All of lore.kernel.org
 help / color / mirror / Atom feed
From: Stefano Stabellini <stefano.stabellini@eu.citrix.com>
To: Yinghai Lu <yinghai@kernel.org>
Cc: Stefano Stabellini <Stefano.Stabellini@eu.citrix.com>,
	"linux-kernel@vger.kernel.org" <linux-kernel@vger.kernel.org>,
	Konrad Rzeszutek Wilk <konrad.wilk@oracle.com>,
	Jeremy Fitzhardinge <Jeremy.Fitzhardinge@citrix.com>
Subject: Re: "x86-64, mm: Put early page table high" causes crash on Xen
Date: Tue, 8 Mar 2011 12:14:33 +0000	[thread overview]
Message-ID: <alpine.DEB.2.00.1103081203260.2968@kaball-desktop> (raw)
In-Reply-To: <AANLkTi=aUGdjvtvy81FimMZB5PZNzASXHN0BZHWHUuLs@mail.gmail.com>

[-- Attachment #1: Type: text/plain, Size: 9718 bytes --]

On Mon, 7 Mar 2011, Yinghai Lu wrote:
> On Mon, Mar 7, 2011 at 7:47 AM, Stefano Stabellini
> <stefano.stabellini@eu.citrix.com> wrote:
> > On Tue, 1 Mar 2011, Yinghai Lu wrote:
> >> On 03/01/2011 09:21 AM, Stefano Stabellini wrote:
> >> > Yinghai Lu,
> >> > while testing tip/x86/mm on Xen I found out that the commit "x86-64, mm:
> >> > Put early page table high" reliably crashes Linux at boot.
> >> > The reason is well explained by the commit message of
> >> > fef5ba797991f9335bcfc295942b684f9bf613a1:
> >> >
> >> > "Xen requires that all pages containing pagetable entries to be mapped
> >> > read-only.  If pages used for the initial pagetable are already mapped
> >> > then we can change the mapping to RO.  However, if they are initially
> >> > unmapped, we need to make sure that when they are later mapped, they
> >> > are also mapped RO.
> >> >
> >> > We do this by knowing that the kernel pagetable memory is pre-allocated
> >> > in the range e820_table_start - e820_table_end, so any pfn within this
> >> > range should be mapped read-only.  However, the pagetable setup code
> >> > (Those mappings are removed before the pages are presented to Xen
> >> > as pagetable pages.)"
> >> >
> >> > In other words mask_rw_pte (called by xen_set_pte_init) should mark RO
> >> > the already existing pagetable pages (like the ones belonging to the
> >> > initial mappings), while it should mark RW the new pages not yet hooked
> >> > into the pagetable.  This is what the following lines used to achieve,
> >> > but don't anymore:
> >> >
> >> >     /*
> >> >      * If the new pfn is within the range of the newly allocated
> >> >      * kernel pagetable, and it isn't being mapped into an
> >> >      */
> >> >         pfn >= pgt_buf_start && pfn < pgt_buf_end)
> >> >             pte = pte_wrprotect(pte);
> >> >
> >> > Unfortunately now we map the already existing initial pagetable pages a
> >> > second time and the new zeroed pages using map_low_page, so we are
> >> > unable to distinguish between the two.
> >> >
> >> > Can we go back to the previous way of accessing pagetable pages from
> >> > kernel_physical_mapping_init, while keeping the new pagetable allocation
> >> > strategy?

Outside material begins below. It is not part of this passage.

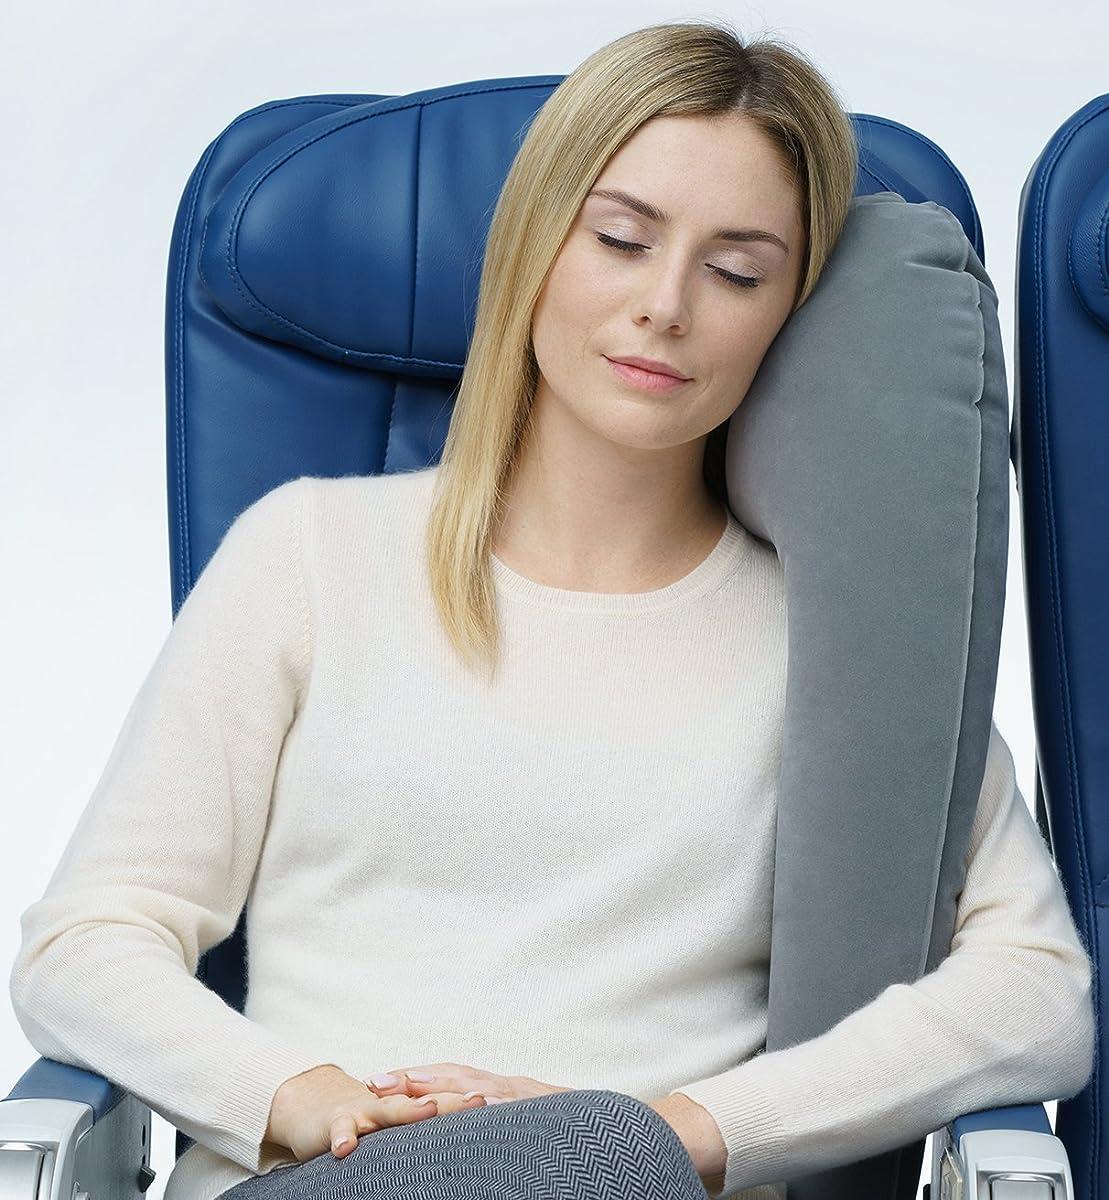 Travelrest Ultimate Travel Pillow Neck Pillow

It seems to me that the introduction of map_low_page is not
> >> > actually required, is it? In that case we could just revert that bit...
> >> > (appended partial revert example).
> >>
> >> We do need map_low_page ( BTW, that name is totally misleading...)
> >>
> >> the reason is we put page_table high and at that time is not under max_pfn_mapped. (aka not mapped).
> >>
> >> So have to use
> >>       adr = early_memremap(phys & PAGE_MASK, PAGE_SIZE);
> >> to early map it and Read/Write to it.
> >
> > As you might already know from my other email few days ago, I have found
> > a solution to this problem modifying only Xen specific code.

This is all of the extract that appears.